It is now December and National Novel Writing Month is complete. (Did I mention I made it to 50,000 words? I did mention it? Oh. Right. Sorry to bring it up again…but did you know how hard that was? I finished almost a whole novel!) Now it is time to reintroduce myself to my children and husband.
So far it has had mixed results.
Last night I was whistling. I whistle. I know this is not a common habit these days, but sometimes I do it without realizing it. My middle son does it too. He got in trouble at school for whistling a tune in the hallway, and I just wanted to explain to the teacher that he only does it when he’s happy, so it was a good thing that he was whistling. I don’t think she’d agree.
Back to last night — I was whistling in the kitchen. I hit an impressively high note, and I looked over to see my husband covering his ears. Perhaps it was too loud? The funny thing was that he looked to my oldest son for validation, and my son said he didn’t even hear it. I managed not to laugh in my tiny moment of victory. You’d think that was enough annoyance, but there’s more.
I also sing.
Usually this gets my kids in a twist because they don’t like me singing along with music. But last night there was no music, so I was making my own. I have an amazing talent to be able to mimic other singers (okay, maybe it’s not so amazing and I might not sound exactly like them, but it’s still fun. Try it and you’ll be hooked, especially if you try to convince everyone around you that if you just had the connections you could have been that person on the radio). The song I was singing was in the tradition of Ethel Merman, and I forgot that my husband was on call this weekend. Suddenly he evacuated the area and I found out later that he was trying to take a work phone call and couldn’t hear because I was singing so loudly. Whoops.
Here’s a video of one of Ethel Merman’s last performances, in case you’re curious: http://www.youtube.com/watch?v=s62MrU8mHx4
The kids seem to be taking it better. I played an attacking game with one son last night, played a chasing game with my daughter, and body-slammed my eight-year-old in a wrestling match. These were all met with happy squeals and laughter that lasts so long it leads to the hiccups. Clearly, their regular mommy is back. (Don’t worry, no one gets hurt…usually. This is just one way we play.)

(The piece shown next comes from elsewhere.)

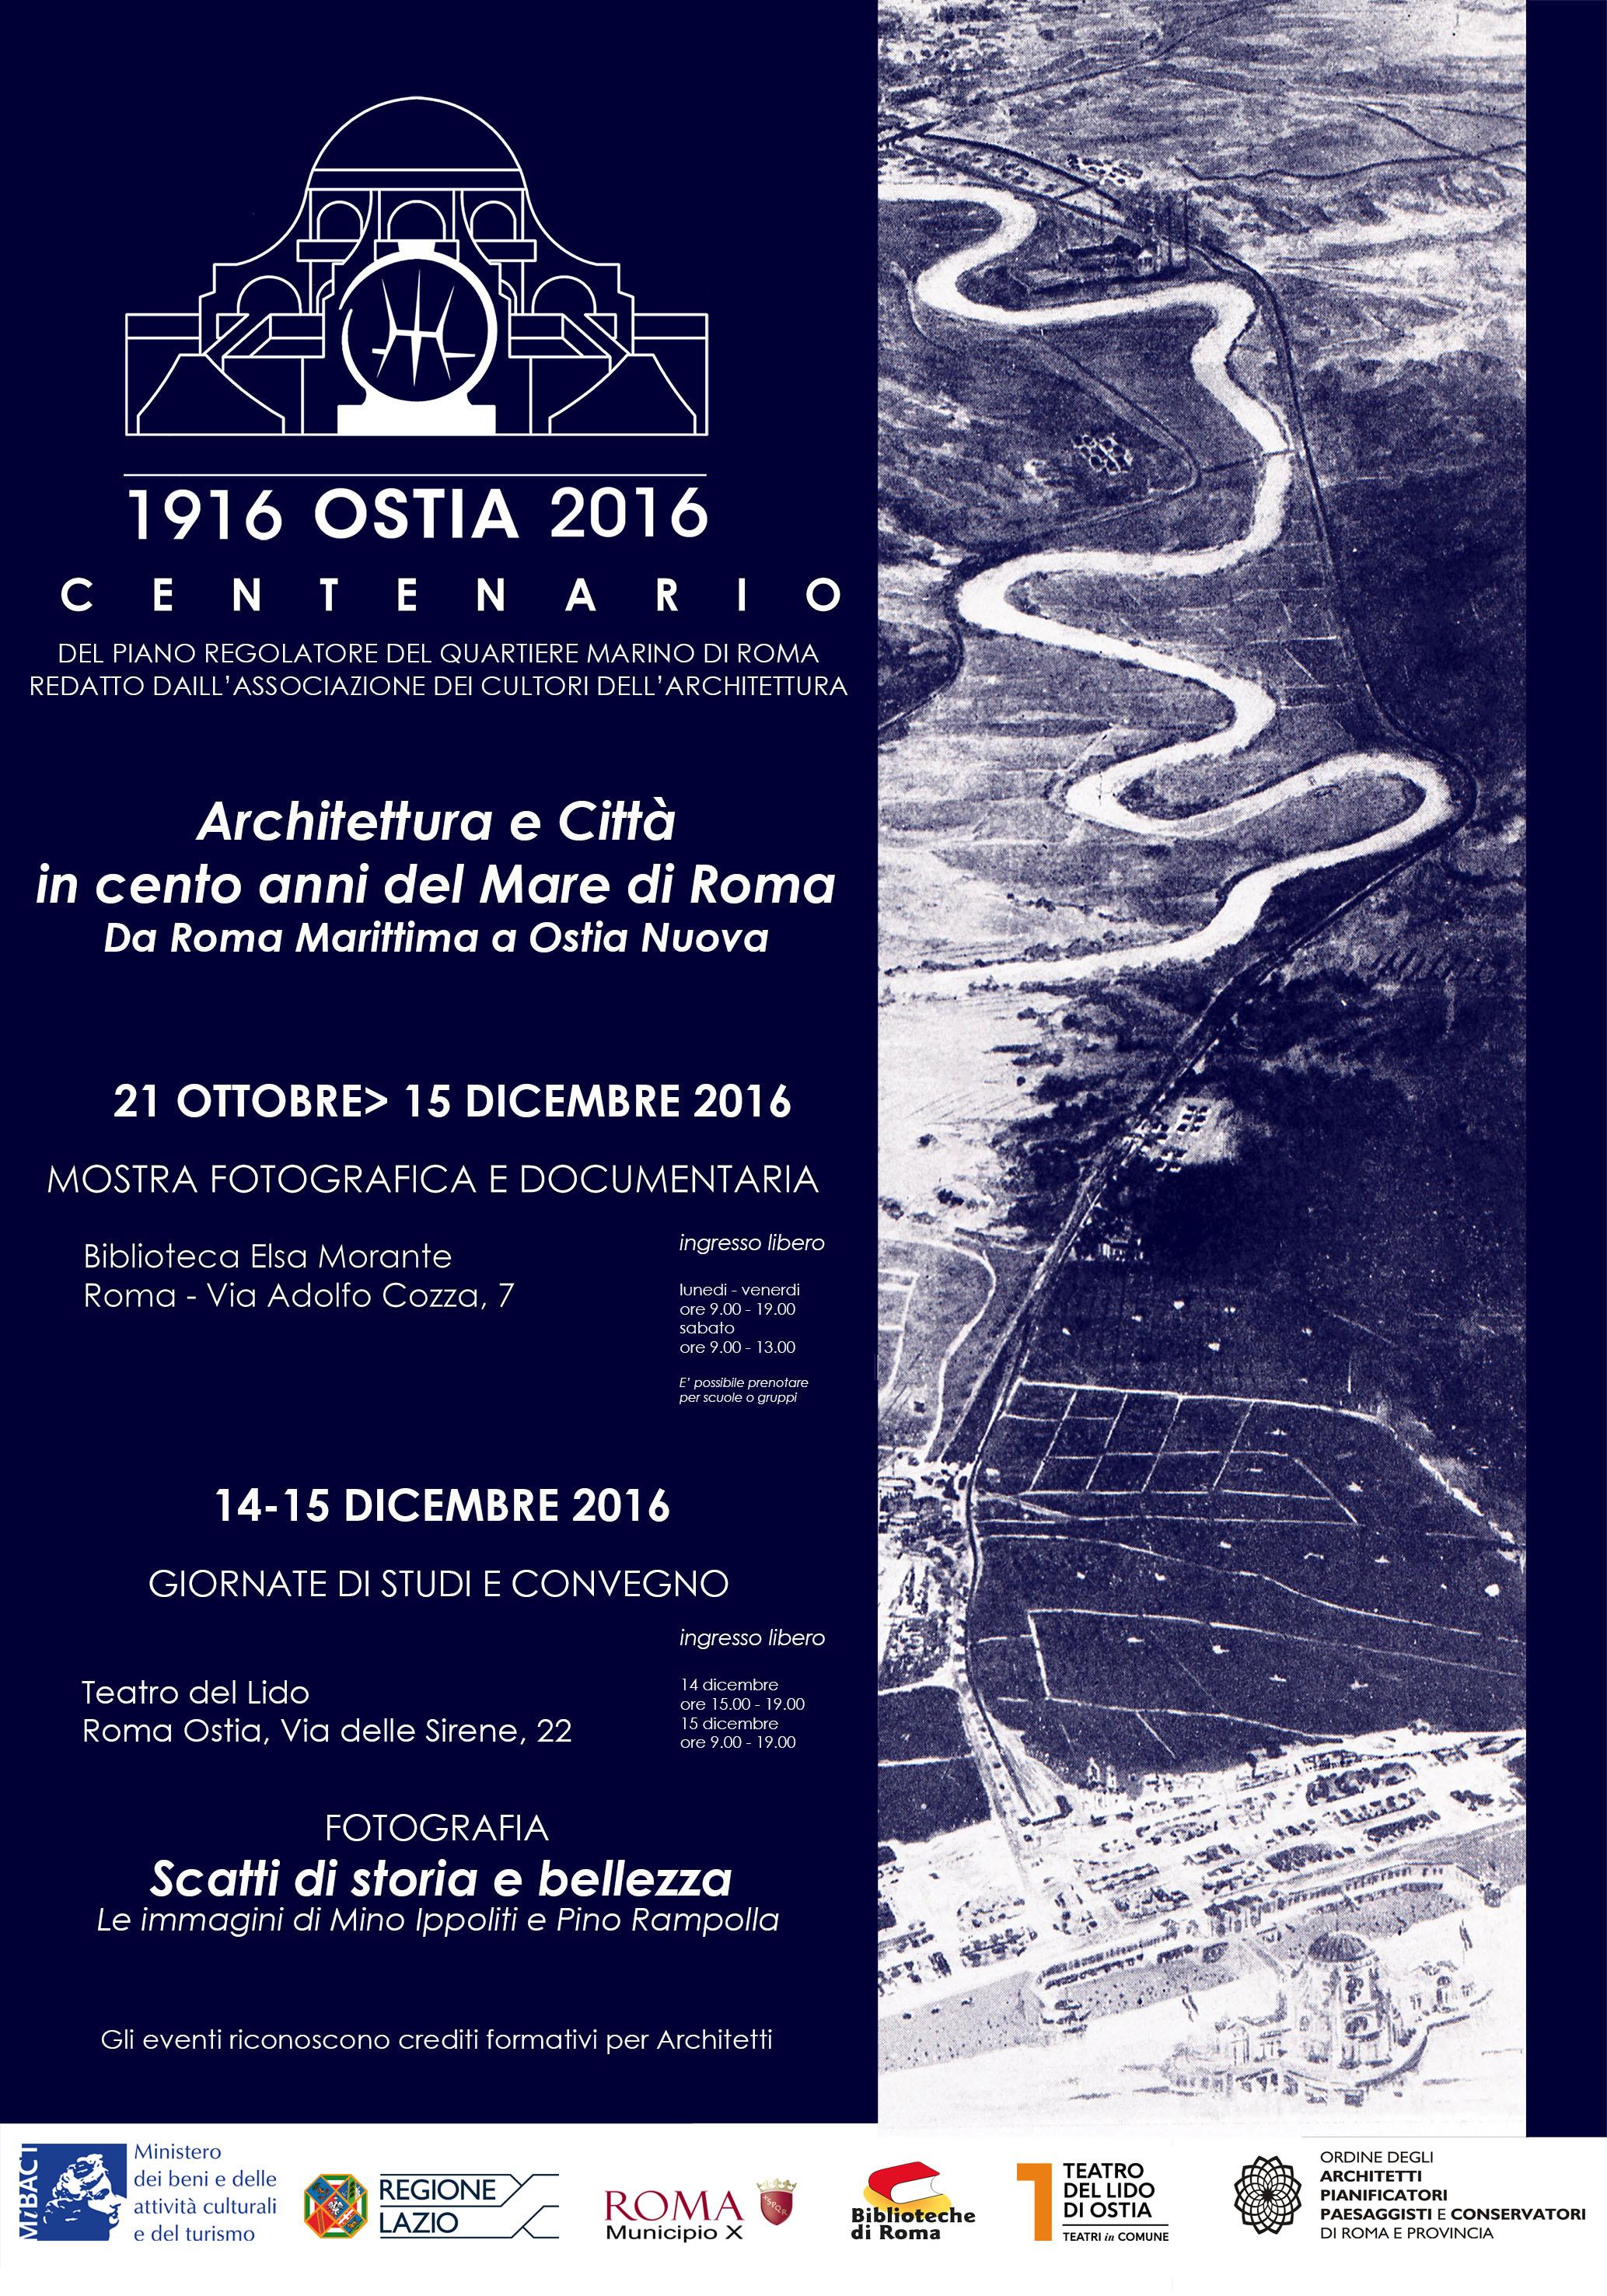 Centenario Ostia 1916 2016 Architettura E Citt In Cento Anni Del

NaNo was great and I’m looking forward to finishing the two chapters that remain until the novel is complete. But it’s also fun to have mental energy to be more present with my family. That’s why I don’t write a novel in a month every month! No one around me could stand it, except my long-suffering husband, who might be hoping I get another project idea so I can go back to the quieter version of myself. The odd are not in his favor.
Diane Mierzwik says
It’s hard to juggle the reality created in our writing and the other reality of life… seems like you’re doing a great job of it! Sprint, rest, sprint, rest…
The Inkubator says
I love that! Thank you for the affirmation. I really do pay attention to the rest of my life and do think it is important. It’s just that the writing can be such a siren song! And it is helpful to have a term for the kind of writing I have to do sometimes (“sprint”, that is) although I do like to linger over the words when I can. Thanks for taking time to check out the blog — hope to see you here again soon.